The Blueproject Foundation presents the solo exhibition “It's Not What You Think”, by the artist duo Elmgreen & Dragset, which will be shown at Il Salotto from June 7 to October 27, 2019.
“It’s Not What You Think” transforms Il Salotto into a different setting: an abandoned, underground boiler room with tubes crisscrossing the space. The artist duo continues their practice of altering art spaces by turning the white cube gallery room into a location that contrasts the discreet format in which contemporary art is normally presented. Industrial metal tubes of various sizes dominate the space, re-directing visitors’ movements as they must step over, bend under, or walk around the tubes in order to navigate the site.

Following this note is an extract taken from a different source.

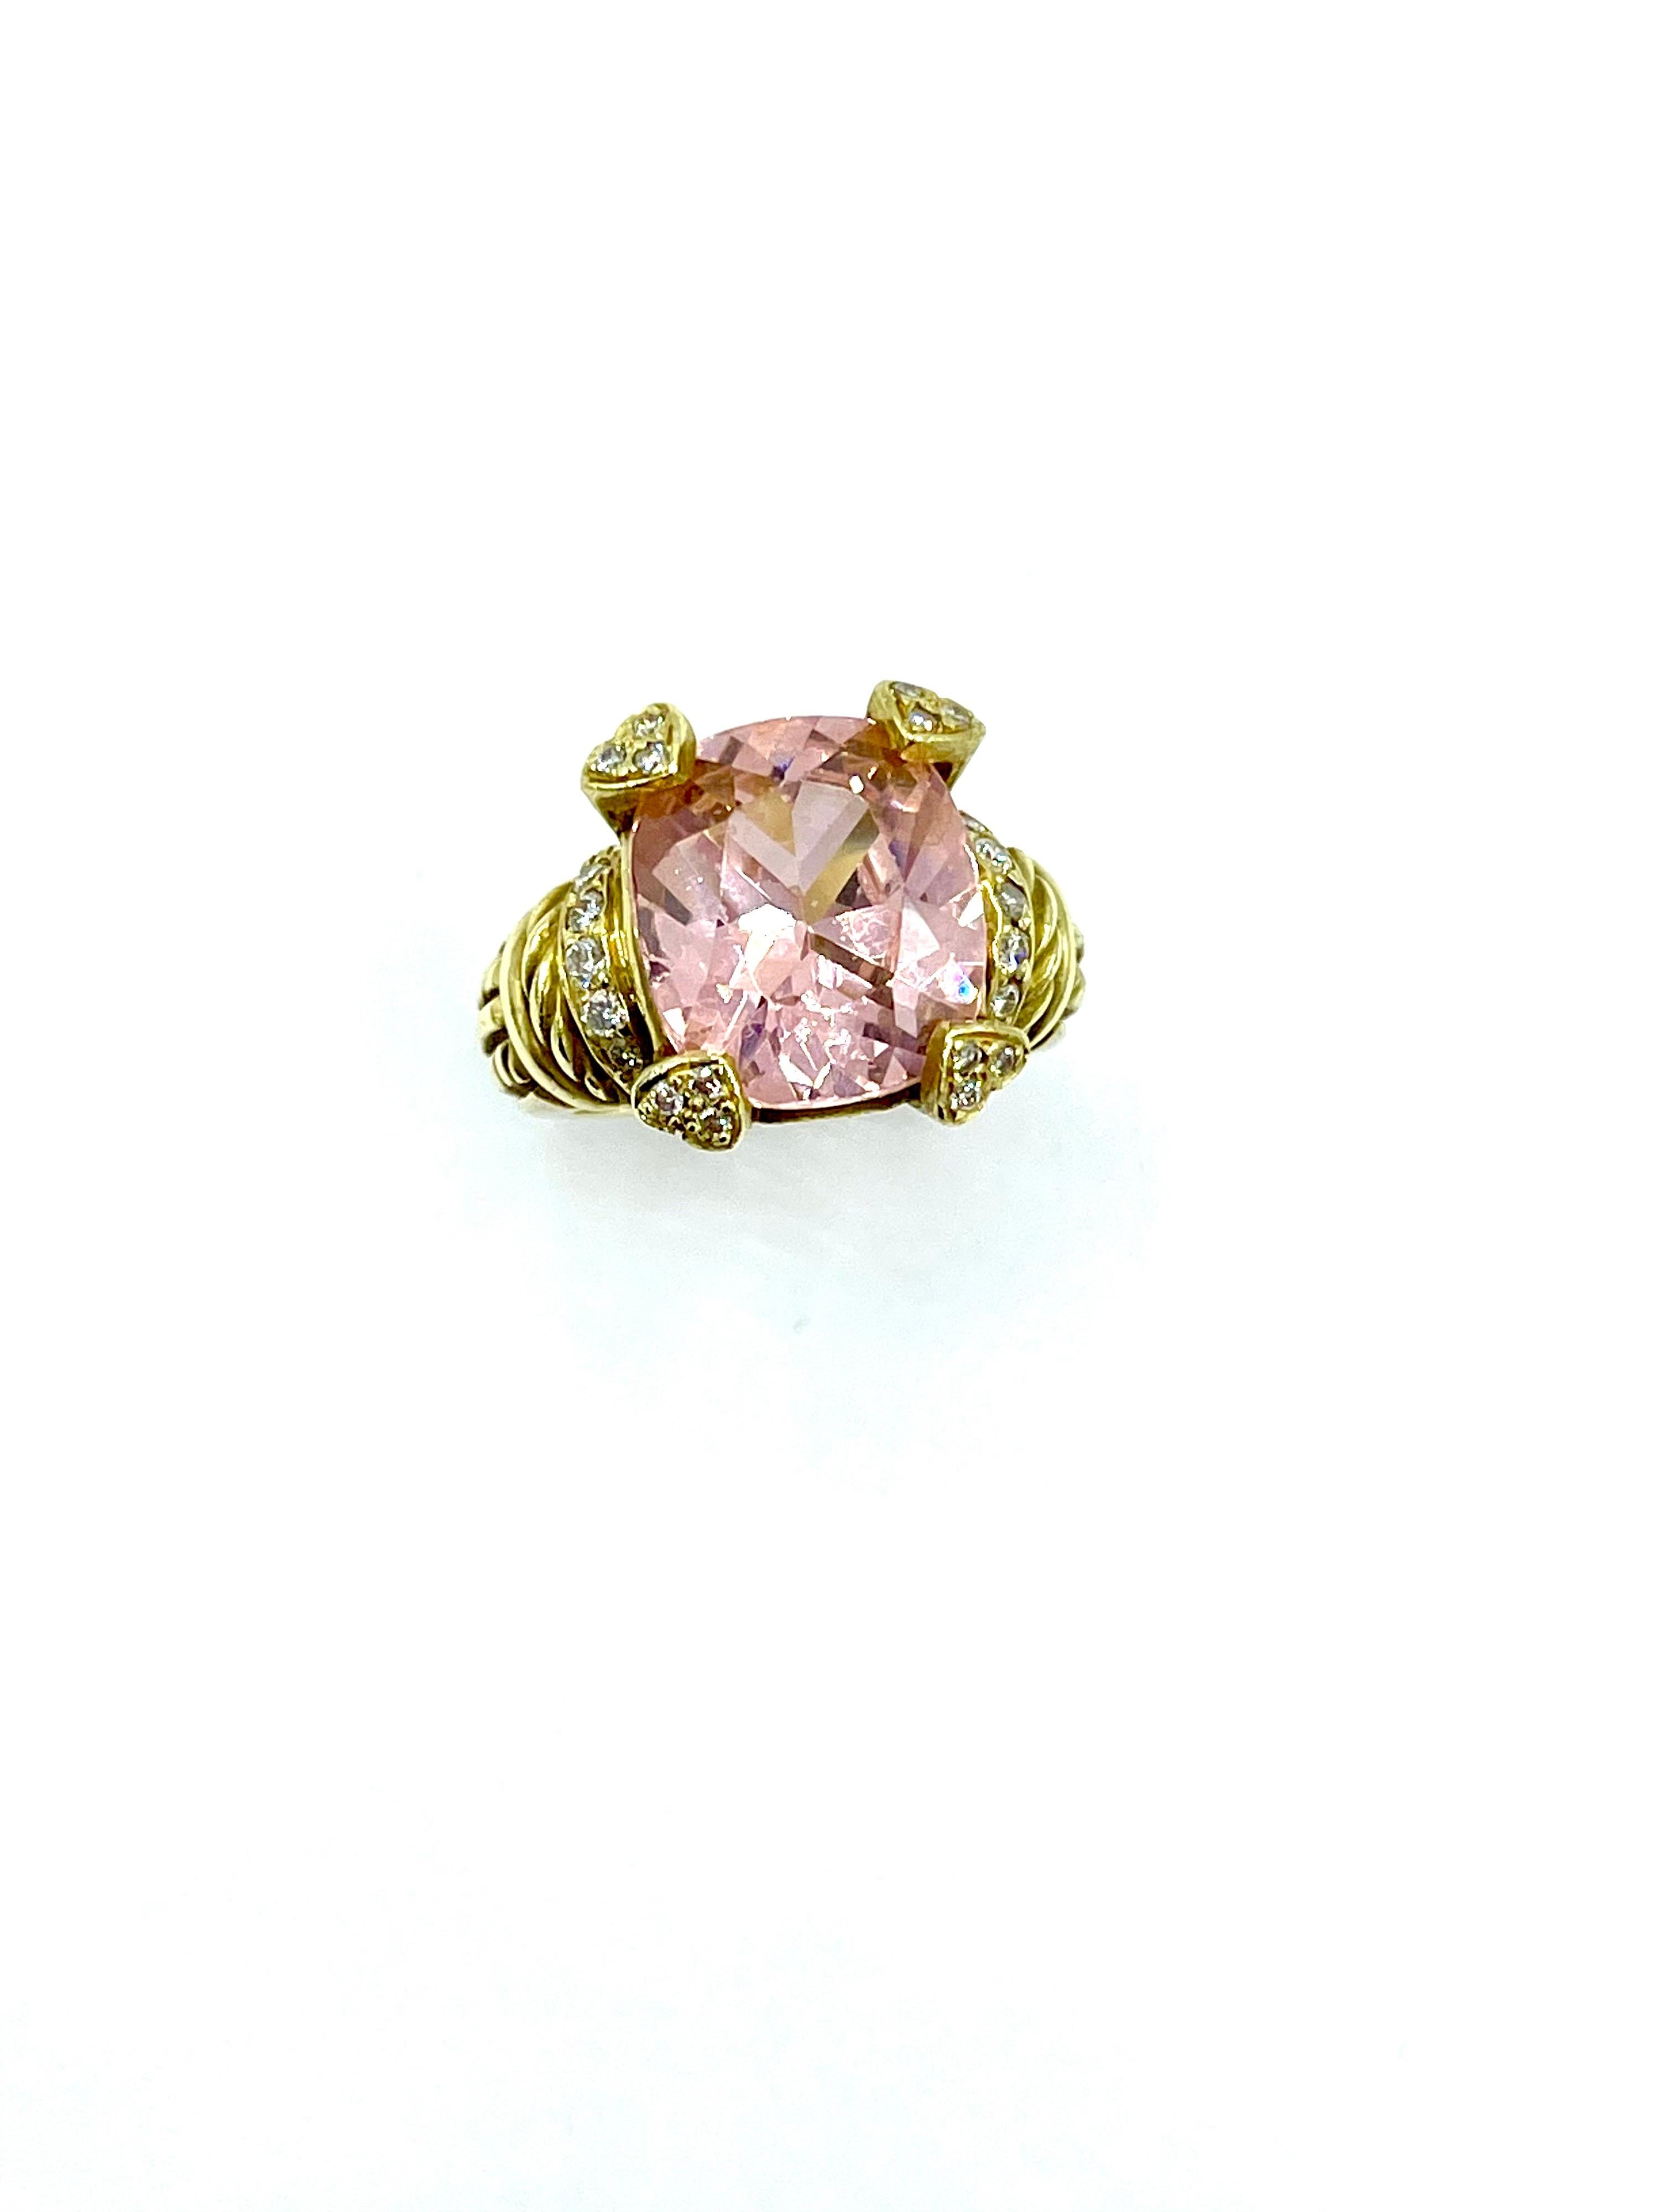 A beautifully vibrant 6.89 carat cushion cut pink quartz and diamond cocktail ring designed by Judith Ripka.  The quartz is set with with four diamond double prongs, with a single row of round brilliant diamonds on each side.  There is a total of

While the tubes’ pastel colors are colors that can be found in real-life industrial settings, they also correspond to the color tones of food pigments used to coat the pills in some of the latest generations of HIV medicines like Truvada, Atripla, Stribild and Isentress. These pastel colors might appear innocent, even inviting, like candy, camouflaging the toxicity of such medications. The various colors of the pills serve the purpose of indicating and distinguishing the different functions of each pill, not unlike the different colors of industrial tubes, whose color scheme signals if the tubes are used for drainage, steam, heating, or other purposes.
Aesthetically, the installation draws on early Minimalist works by artists such as Michael Asher and Charlotte Posenenske, creating a bodily reference with the means of simple architectural elements. The metal tubes appear to penetrate the floor, walls and support columns, seemingly extending beyond the gallery space itself, as if they were the veins of an organism. Everything in the exhibition “It’s Not What You Think” is based on sets of uncertainties in which nothing is as it appears at first glance. The boiler room is of course just a fiction: the tubes are dysfunctional and the boiler room itself serves as a metaphor for the body as both a biological and cultural product. Within the installation, other works by Elmgreen & Dragset imply traces of human activities with ambiguous narratives. A car seat cast in bronze—titled I must make amends (2019), after the lyrics of Janis Joplin’s song Mercedes Benz—sits abandoned in the space as a leftover, now used as a chair by whoever could be the caretaker of this boiler room. Next to it, After Francis Bacon (2014), combines two readymades: a used tractor tire and a dirty boiler suit. In a nearby corner, one finds a burned-down candle—carved in marble—next to a mattress and some books, which comprise the set for the performance Anywhere (2019).
The melancholic atmosphere in this non-functional boiler room installation at once reflects on a postindustrial reality in which we feel bodily estranged from spaces that were previously based on manual labor, and acts as a reminder of how our bodies themselves have now been reduced from their original role as the core of production in our society to becoming just consumer targets for the pharmaceutical and entertainment industries.